On asset quality, the FDIC described the overall picture as favorable. The aggregate level of past due loans edged downward, signaling a slight improvement in delinquencies at the industry level. However, the report highlighted unevenness beneath that headline: past due levels for residential loans and commercial real estate rose slightly over the period, even as other categories improved.
Separately, the FDIC called attention to persistent elevation in delinquencies for specific consumer and property loan types. Loans for credit cards, autos, and multifamily commercial real estate continued to show higher-than-normal levels of past due balances, the report said.
FDIC Chairman Travis Hill commented in a statement that banks entered the period with robust capital and liquidity positions. The agency's assessment underscored that, while certain loan categories showed strain, overall capital and funding profiles remained strong across the banking system.

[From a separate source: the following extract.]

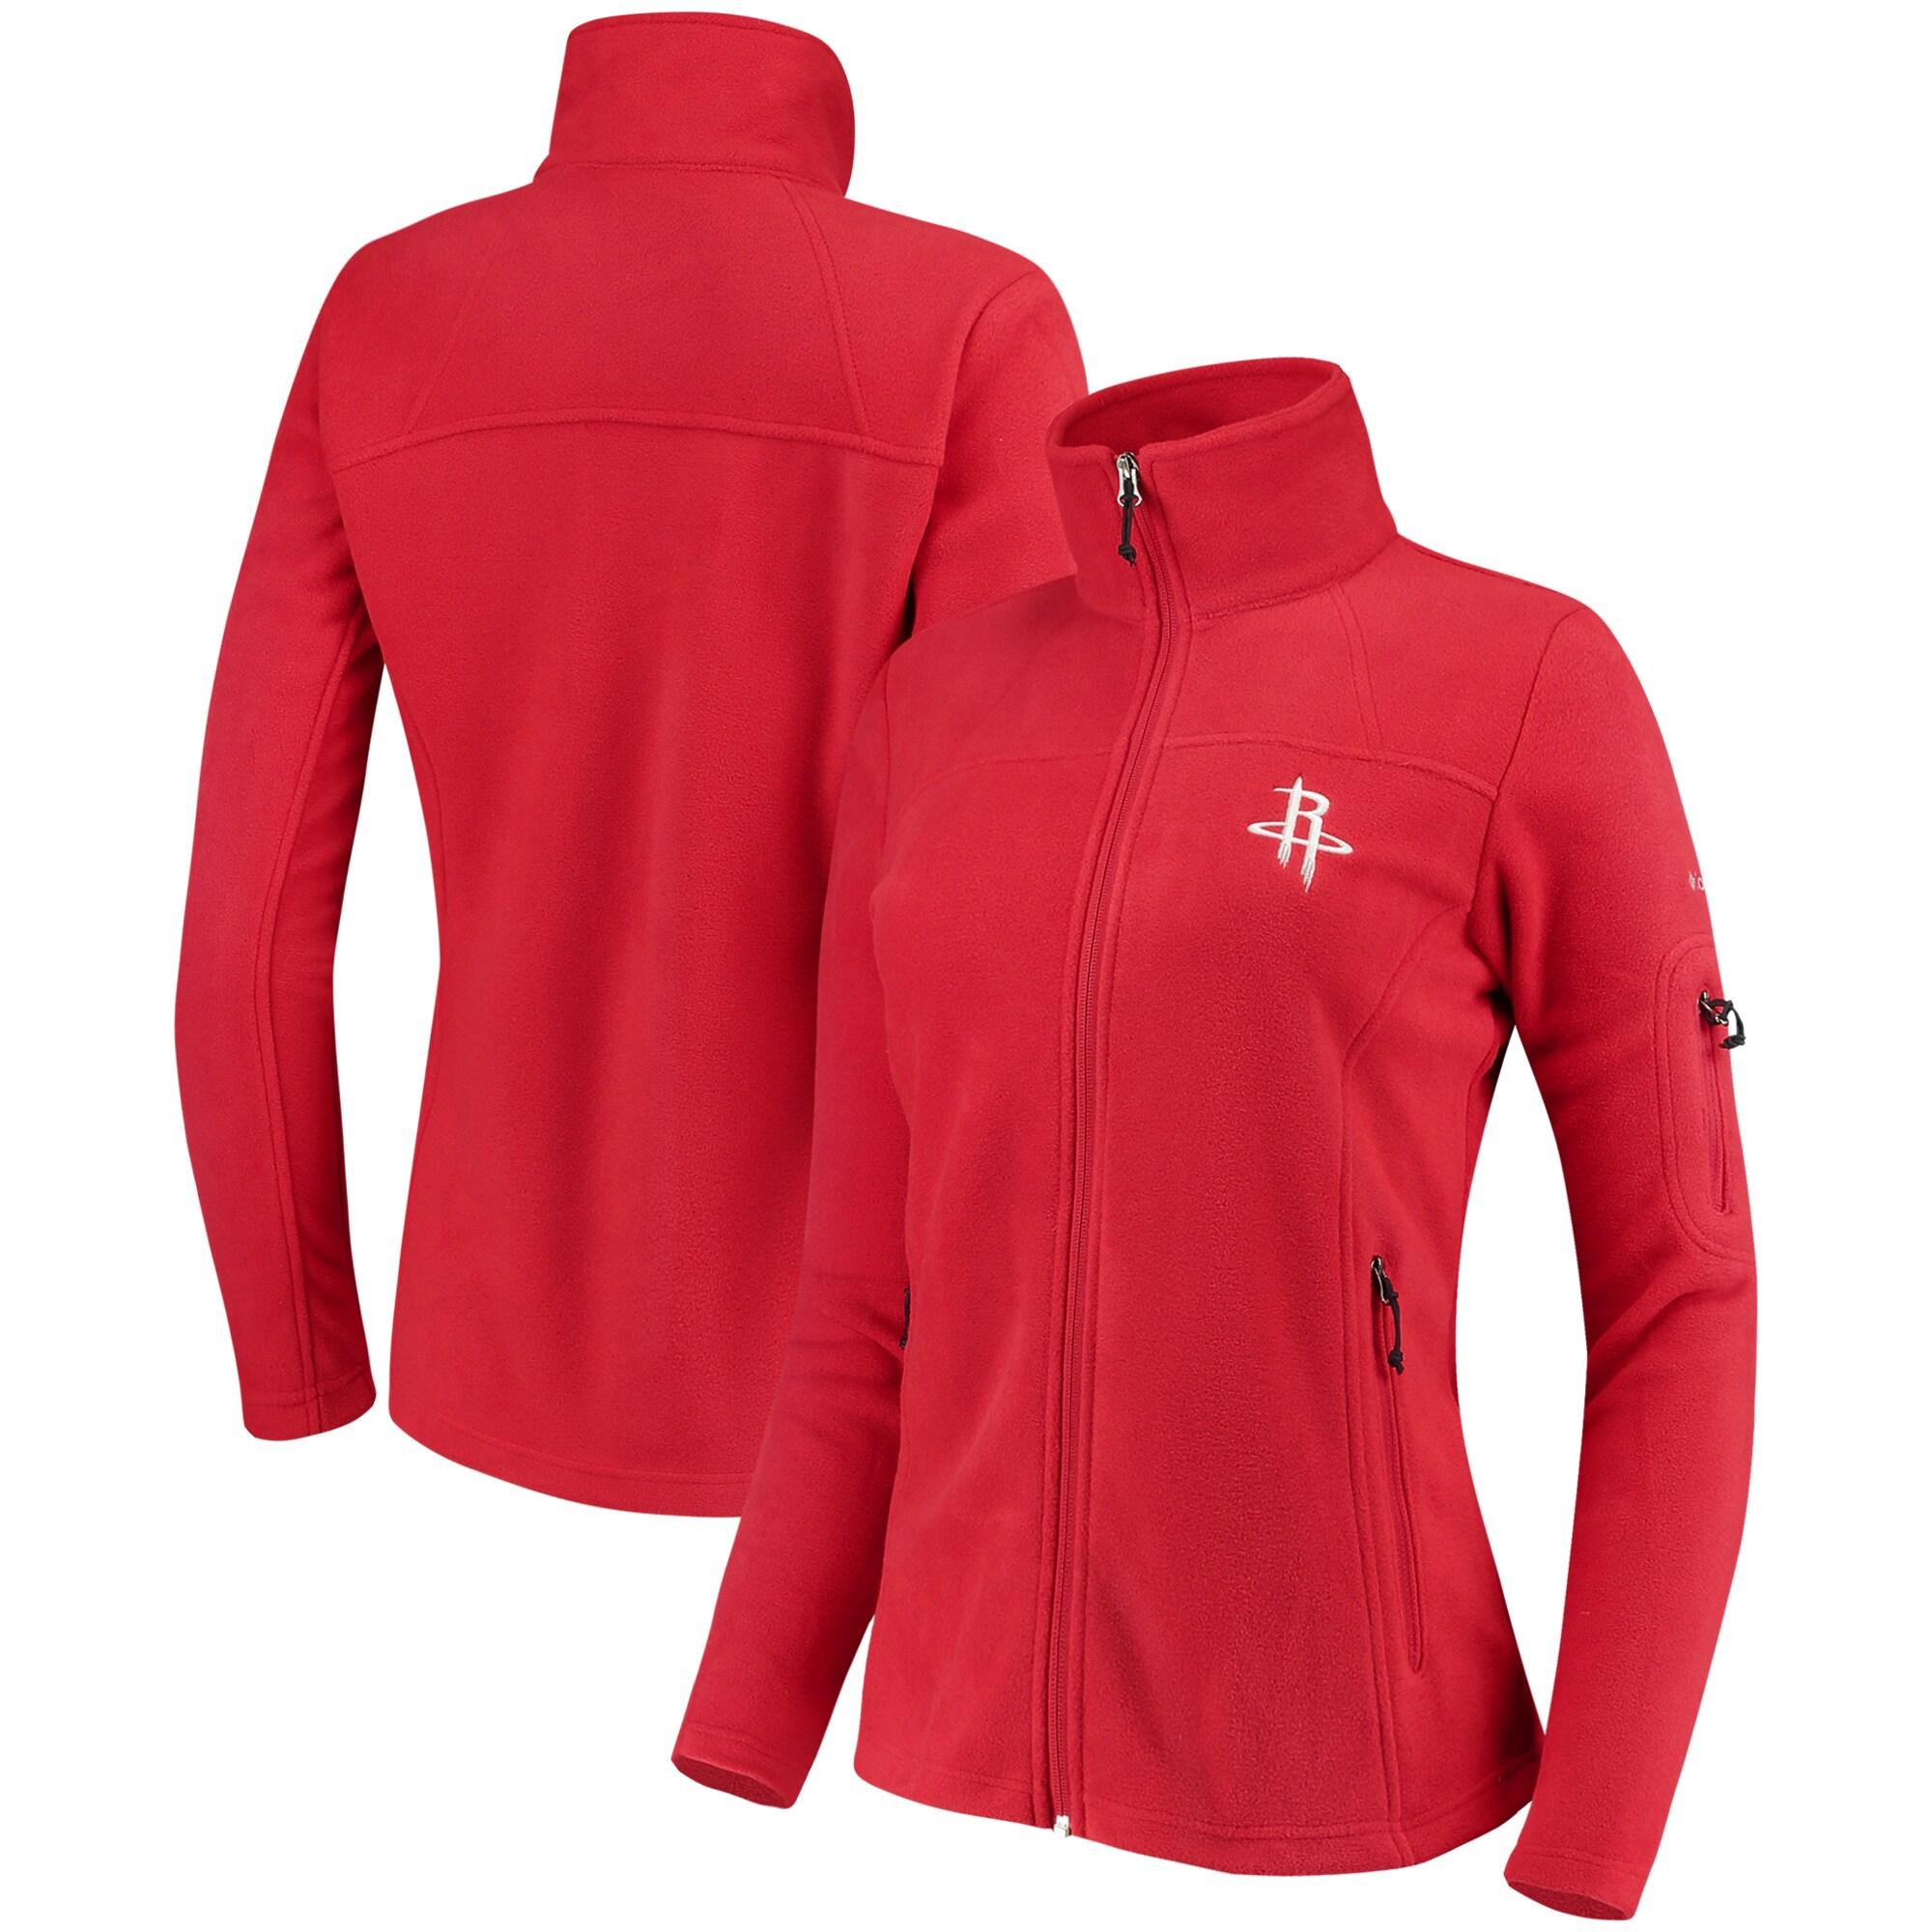 Houston Rockets Columbia Women's Give & Go Full-Zip Jacket - Red

The agency's findings paint a mixed but largely stable snapshot of the sector: profits improved and deposit growth resumed, while lenders modestly increased reserves and some loan categories demonstrated renewed stress. The FDIC's report flags specific pockets of elevated delinquencies even as the aggregate metrics appear sound.
Clear summary
The FDIC reported that U.S. banks earned $80.5 billion in the first quarter of 2026, a 3.6% increase from the prior period, supported by a seventh consecutive quarter of deposit growth and a small rise in provision expenses. Overall past due loan balances fell slightly, but past due levels moved higher for residential loans and commercial real estate, and remained elevated for credit card, auto, and multifamily commercial real estate loans. FDIC Chairman Travis Hill said capital and liquidity remained strong.